### [Recorded information]
▶

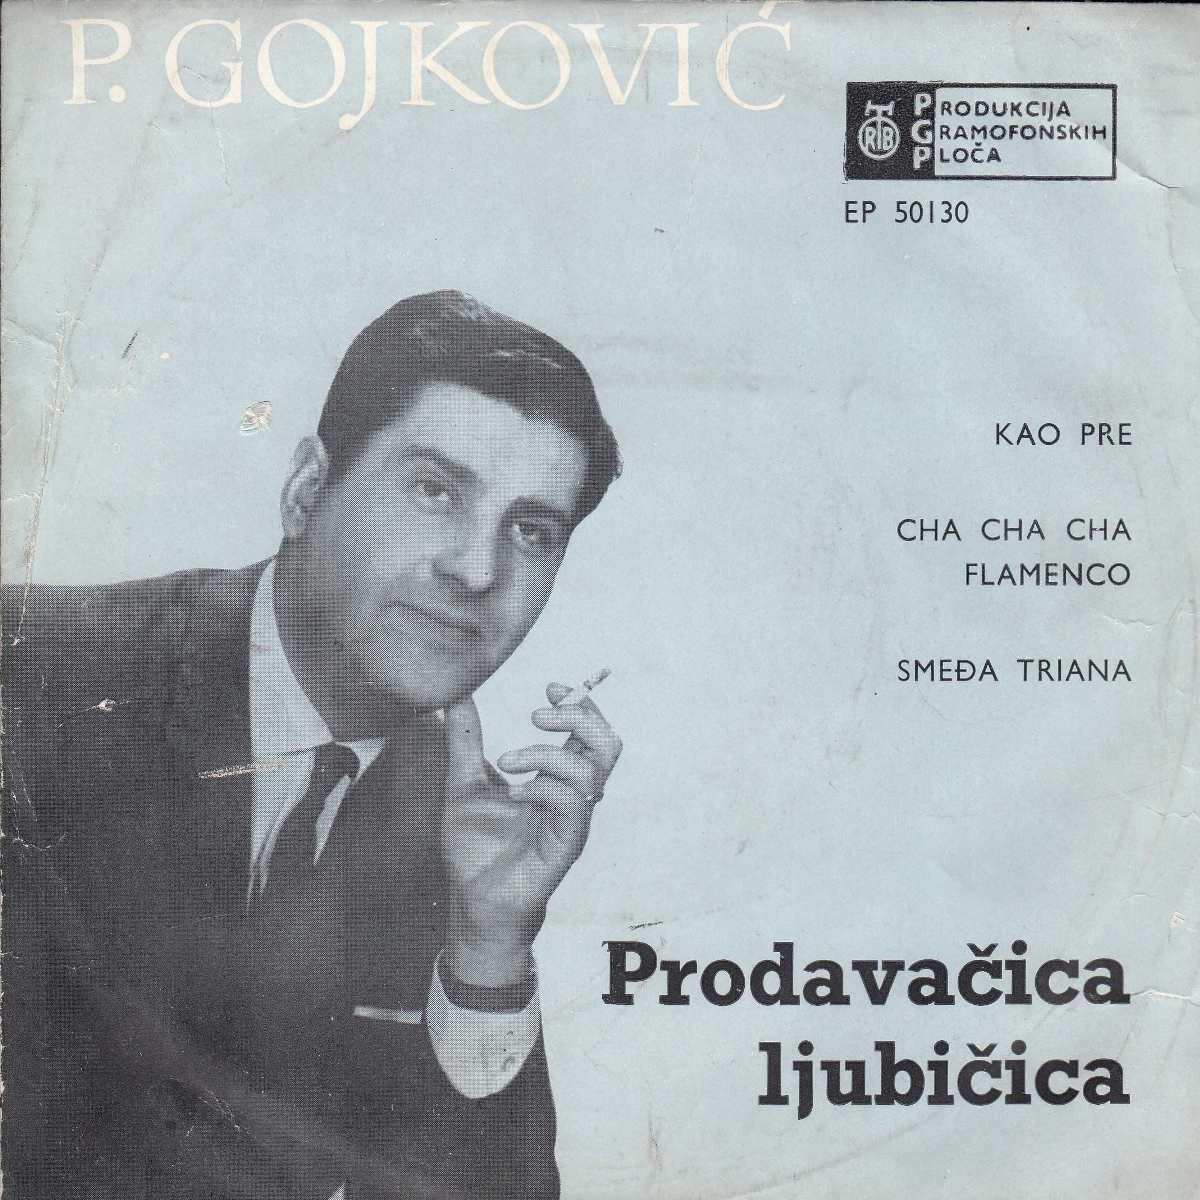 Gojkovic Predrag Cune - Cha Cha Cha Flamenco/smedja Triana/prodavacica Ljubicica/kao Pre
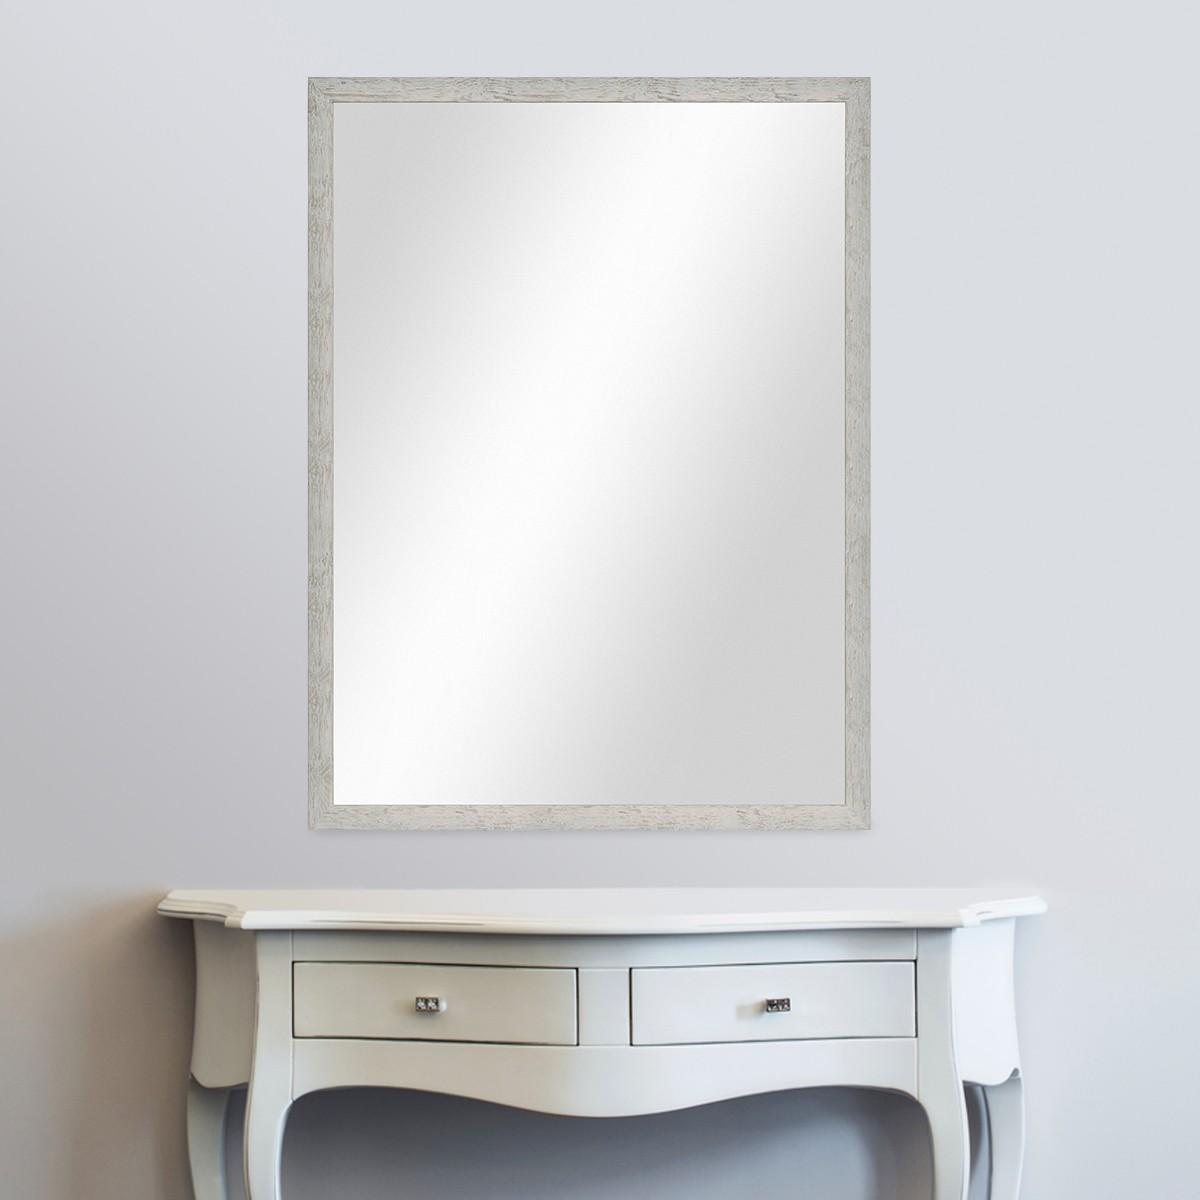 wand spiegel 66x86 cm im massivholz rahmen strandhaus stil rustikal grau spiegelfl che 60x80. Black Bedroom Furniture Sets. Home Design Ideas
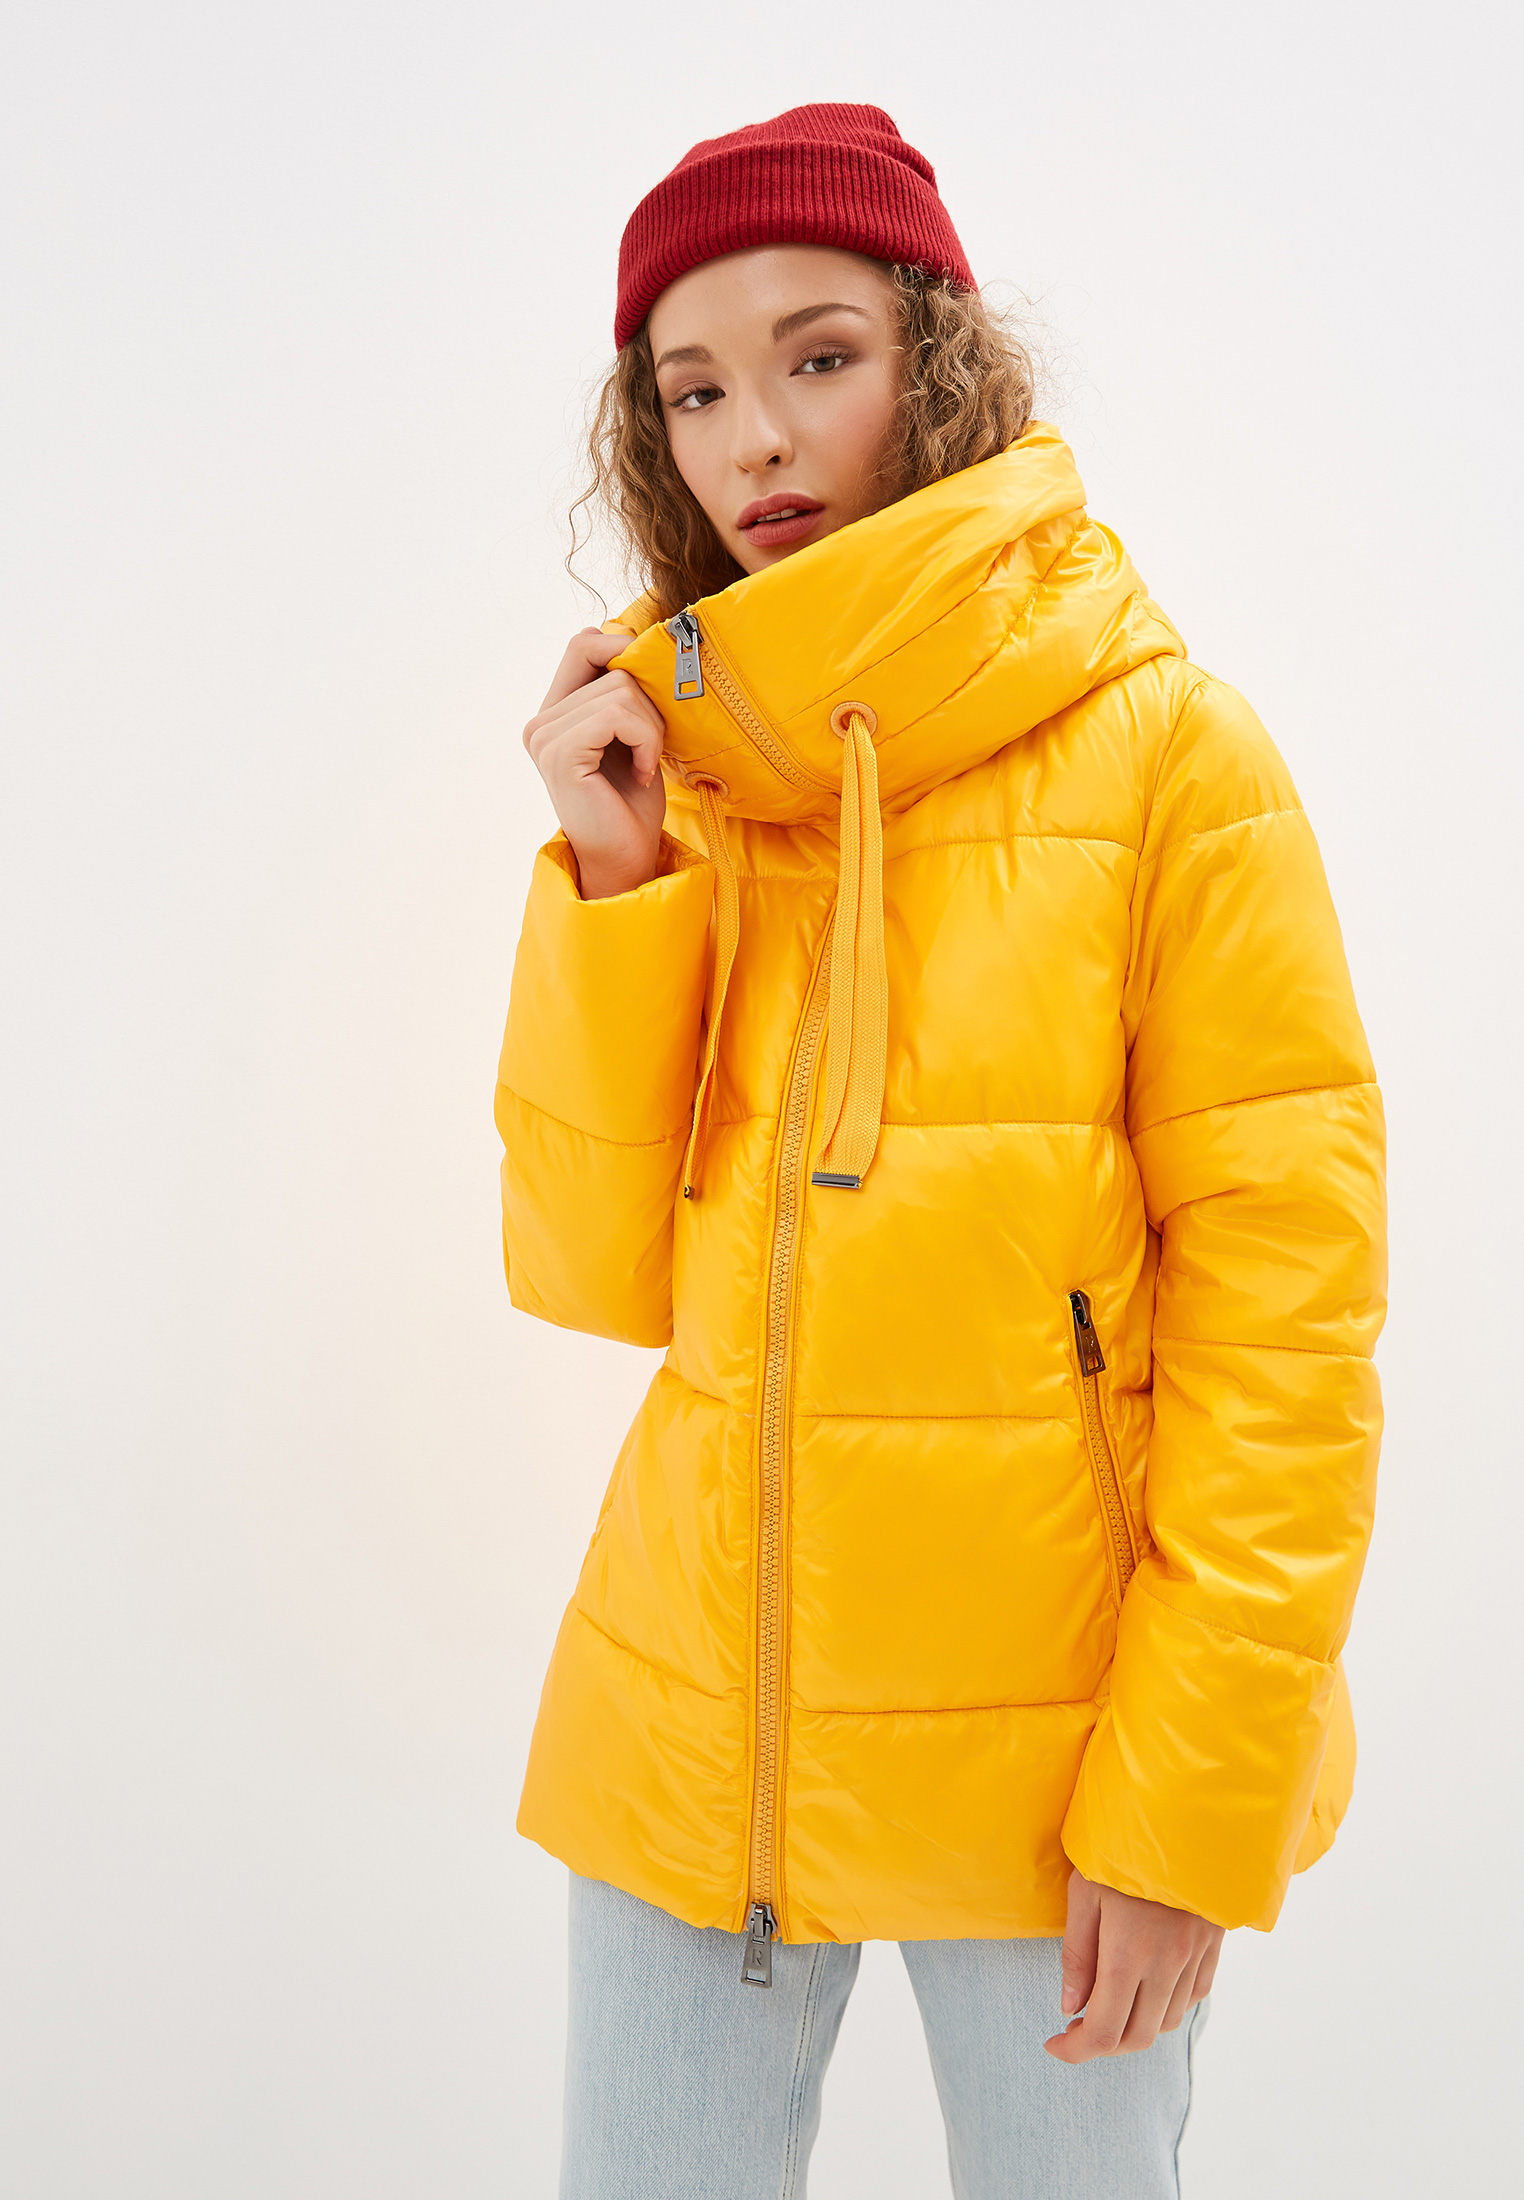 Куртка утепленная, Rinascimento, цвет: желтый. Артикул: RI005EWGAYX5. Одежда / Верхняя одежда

◀

### [Try it]
What the answer must hold: all the data above, given again exactly, without pictures.

### [Answer section]
 Gojkovic Predrag Cune - Cha Cha Cha Flamenco/smedja Triana/prodavacica Ljubicica/kao Pre
 wand spiegel 66x86 cm im massivholz rahmen strandhaus stil rustikal grau spiegelfl che 60x80. Black Bedroom Furniture Sets. Home Design Ideas
 Куртка утепленная, Rinascimento, цвет: желтый. Артикул: RI005EWGAYX5. Одежда / Верхняя одежда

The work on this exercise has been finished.